I have a Laravel 5.5 app, in which I generate events, for eg:
event(new ThingChange($thing, 'foo', 'bar'));
Those events implement ShouldBroadcast
:
class ThingChange implements ShouldBroadcast {
I'm broadcasting to Pusher channels. Broadcasting generates a queued job (I'm using the database queue driver), and the Laravel queue worker handles those jobs. The pusher config in config/broadcasting.php
is standard:
'pusher' => [
'driver' => 'pusher',
'key' => env('PUSHER_APP_KEY'),
'secret' => env('PUSHER_APP_SECRET'),
'app_id' => env('PUSHER_APP_ID'),
'options' => [
'cluster' => env('PUSHER_APP_CLUSTER', 'mt1'),
'encrypted' => true,
'useTLS' => true
],
],
This all works. It has been running for years, the config is correct. It also works fine from my local dev machine. There are many questions here on SO about getting the connection to Pusher working at all, often solved by allowing unencrypted connections, or adding curl parameters (example, example, example ...) - this is not one of those questions.
However every now and then, if there are network troubles, broadcasting (unsurprisingly) fails. Last night for example there were network issues at my hosting provider's data centre, and I got a few of these exceptions in my logs:
[2021-11-11 00:22:43] production.ERROR: {"exception":"[object] (Illuminate\Broadcasting\BroadcastException(code: 0): at /path/to/vendor/laravel/framework/src/Illuminate/Broadcasting/Broadcasters/PusherBroadcaster.php:107)
The referenced line 107 throws that exception when Laravel could not connect to Pusher:
throw new BroadcastException(
is_bool($response) ? 'Failed to connect to Pusher.' : $response['body']
);
This is to be expected - network was down, Laravel could not connect to Pusher. There's no way around this, and I'm not trying to magically work around network trouble.
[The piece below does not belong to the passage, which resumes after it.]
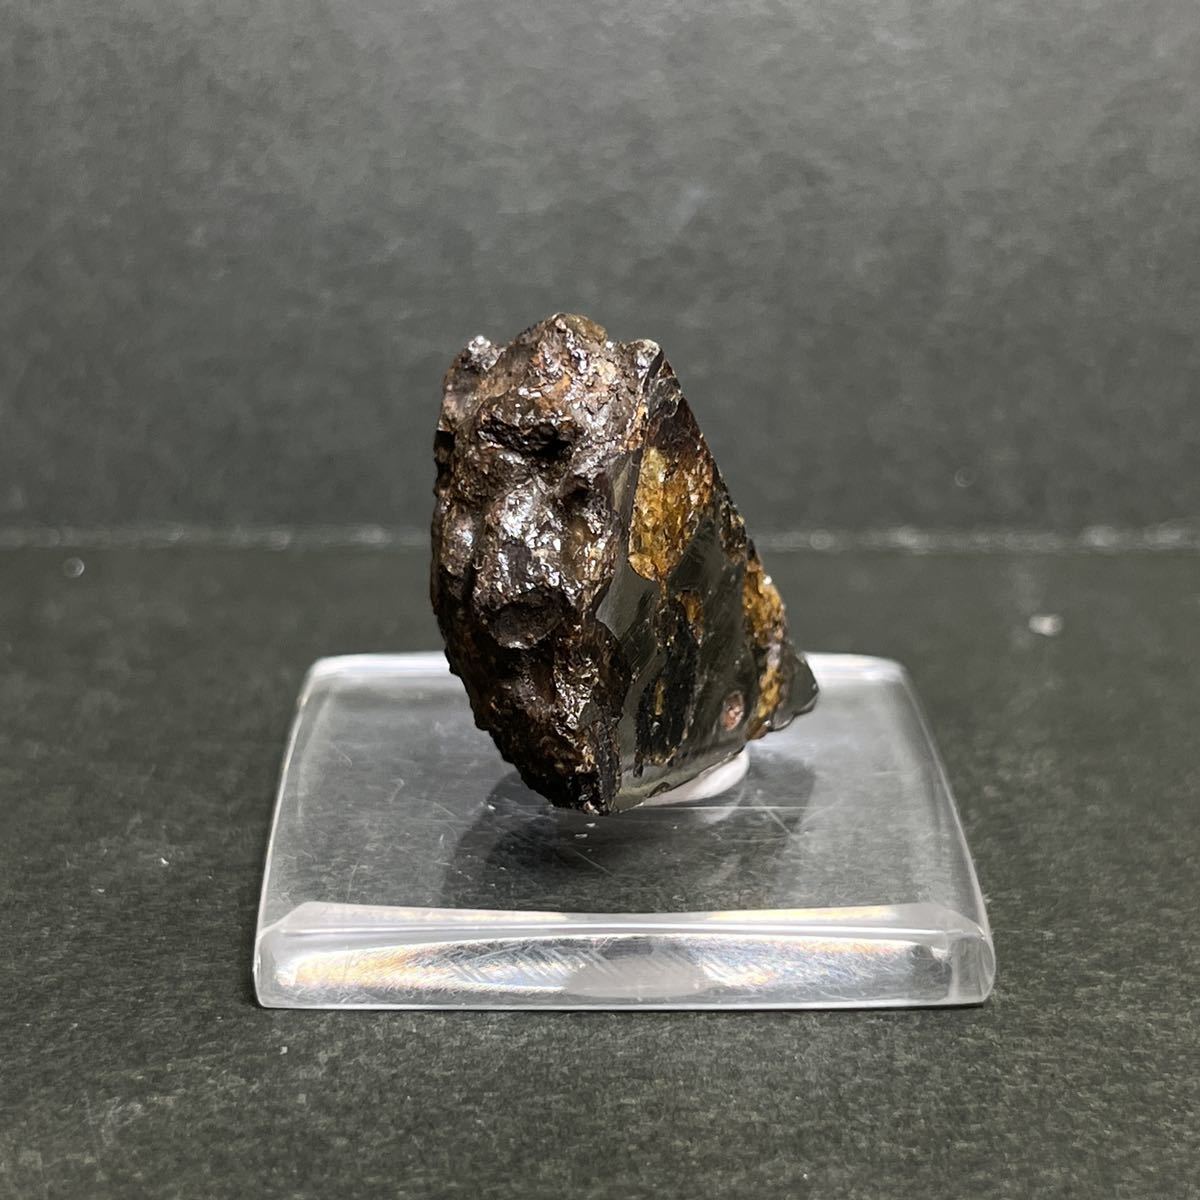 Sericho セリコ隕石 パラサイト 石鉄隕石 egecbenin.com

My question is how can I catch that exception? I monitor my production logs and don't want to see these - these events are simply notifications, they are not critical, and while I'd like to log that they failed, I don't want hard ERRORs and multiple full exception traces clogging up my logs.
Trying to catch an exception when generating the event does not work of course, bcs that is not what is actually failing:
try {
event(new ThingChange($thing, 'foo', 'bar'));
} catch (\Exception $e) {
// Won't work, firing the event is not what fails ...
}
There is nothing to actually catch in my event class itself, it simply sets some properties for the payload, and defines the channels to broadcast on.
Is there any way to catch this, without modifying Laravel sources?